Any notice or other formal communication to be given under these Terms shall be in writing and signed by or on behalf of the Party giving it. It shall be sent over email to the respective email addresses shared by each Party with the other Party for this purpose and marked for the attention of the undersigned.

If any provision of these Terms is held invalid, void, or unenforceable under any applicable statute or rule of law, it shall to that extent be deemed omitted, and the balance of these Terms shall be enforceable in accordance with its terms.

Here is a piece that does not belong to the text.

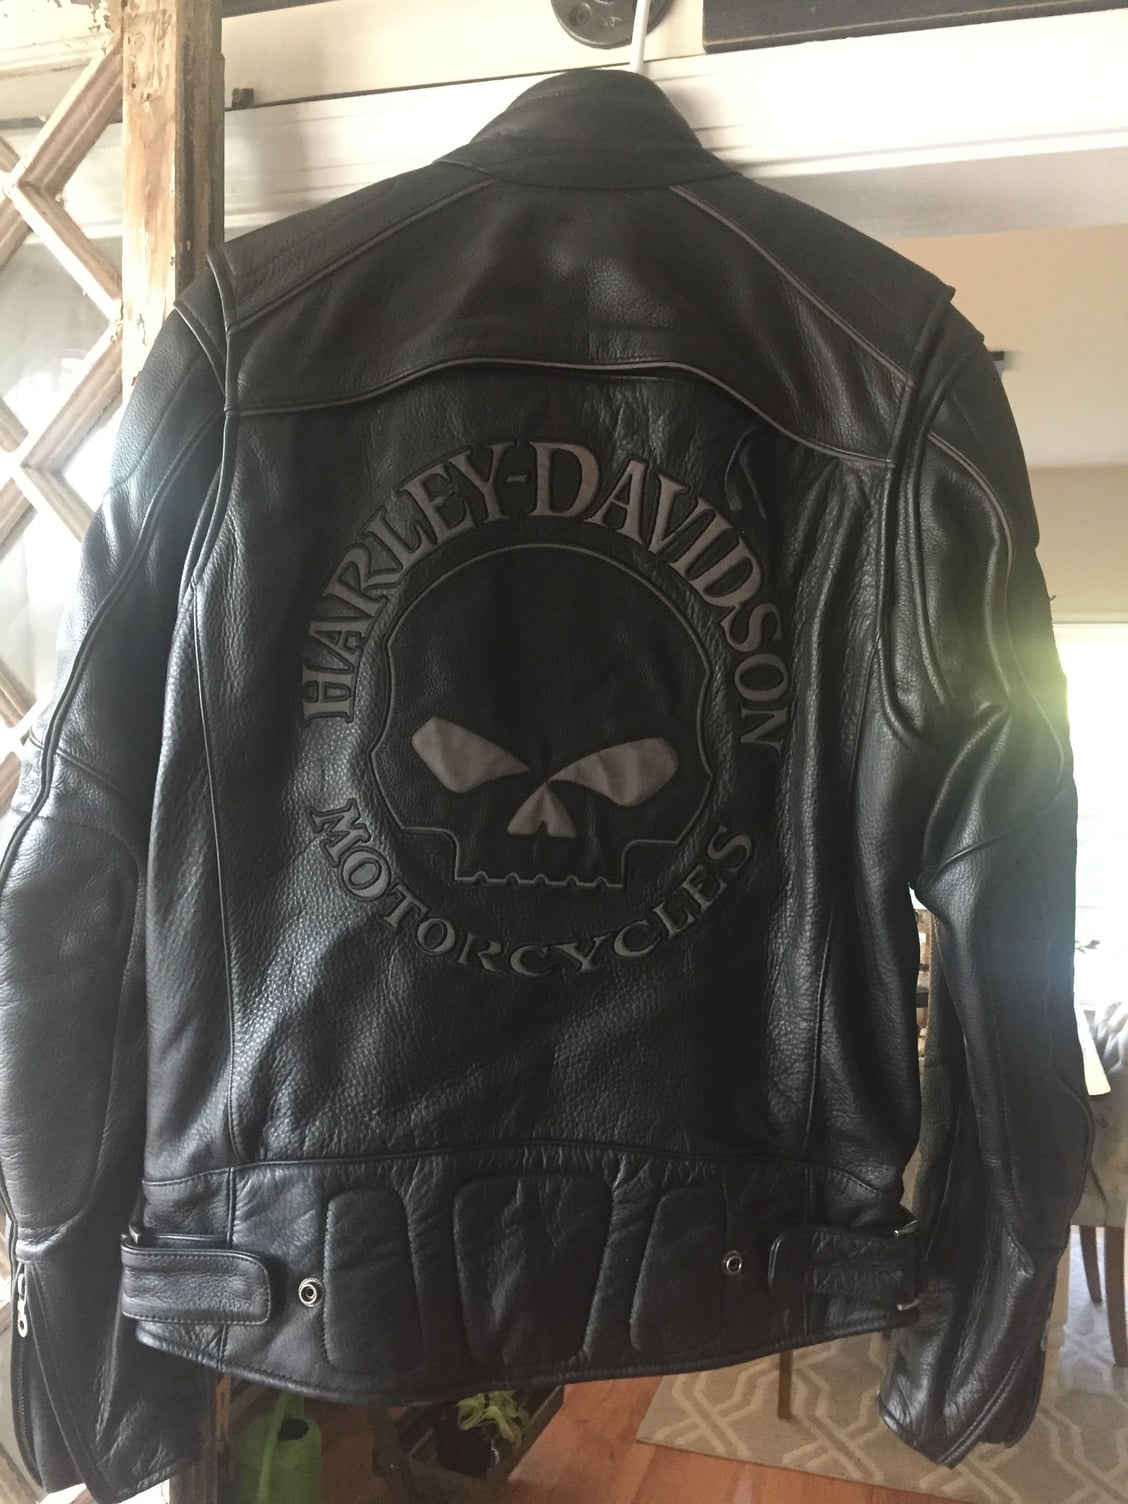 Harley Leather Willie G Jacket - Harley Davidson Forums

The contents of these Terms and any information passed on by the Parties is highly confidential in nature and that the Parties hereby agrees and undertakes to maintain confidentiality of such information and user/Customer data disclosed, generated or made available to Parties under these Terms. The said information shall not be used by the Parties or its agents, servants, representatives or any other person acting through or claiming through the Parties for any purpose other than for the performance of its obligations under these Terms. The Parties agrees that the unauthorized disclosure or unwarranted use of such information would cause irreparable harm and significant injury to the Parties, the degree of which may be difficult to ascertain. Accordingly, the Parties agrees that the Parties shall at all times have the right to obtain an immediate injunction from any court of law against a breach of these Terms by the Parties and/or unauthorized and unwarranted disclosure of the Confidential Information. Notwithstanding anything else contained in these Terms, the Parties shall also have the right to pursue any other rights or remedies available at law or equity for such a breach.

Nothing in these Terms shall be construed as creating a relationship of partnership, joint venture, agency or employment between the Parties. Merchant shall not be responsible for the acts or omissions of the Company and that the Company shall not represent Merchant, neither has, any power or authority to speak for, represent, bind or assume any obligation on behalf of Merchant.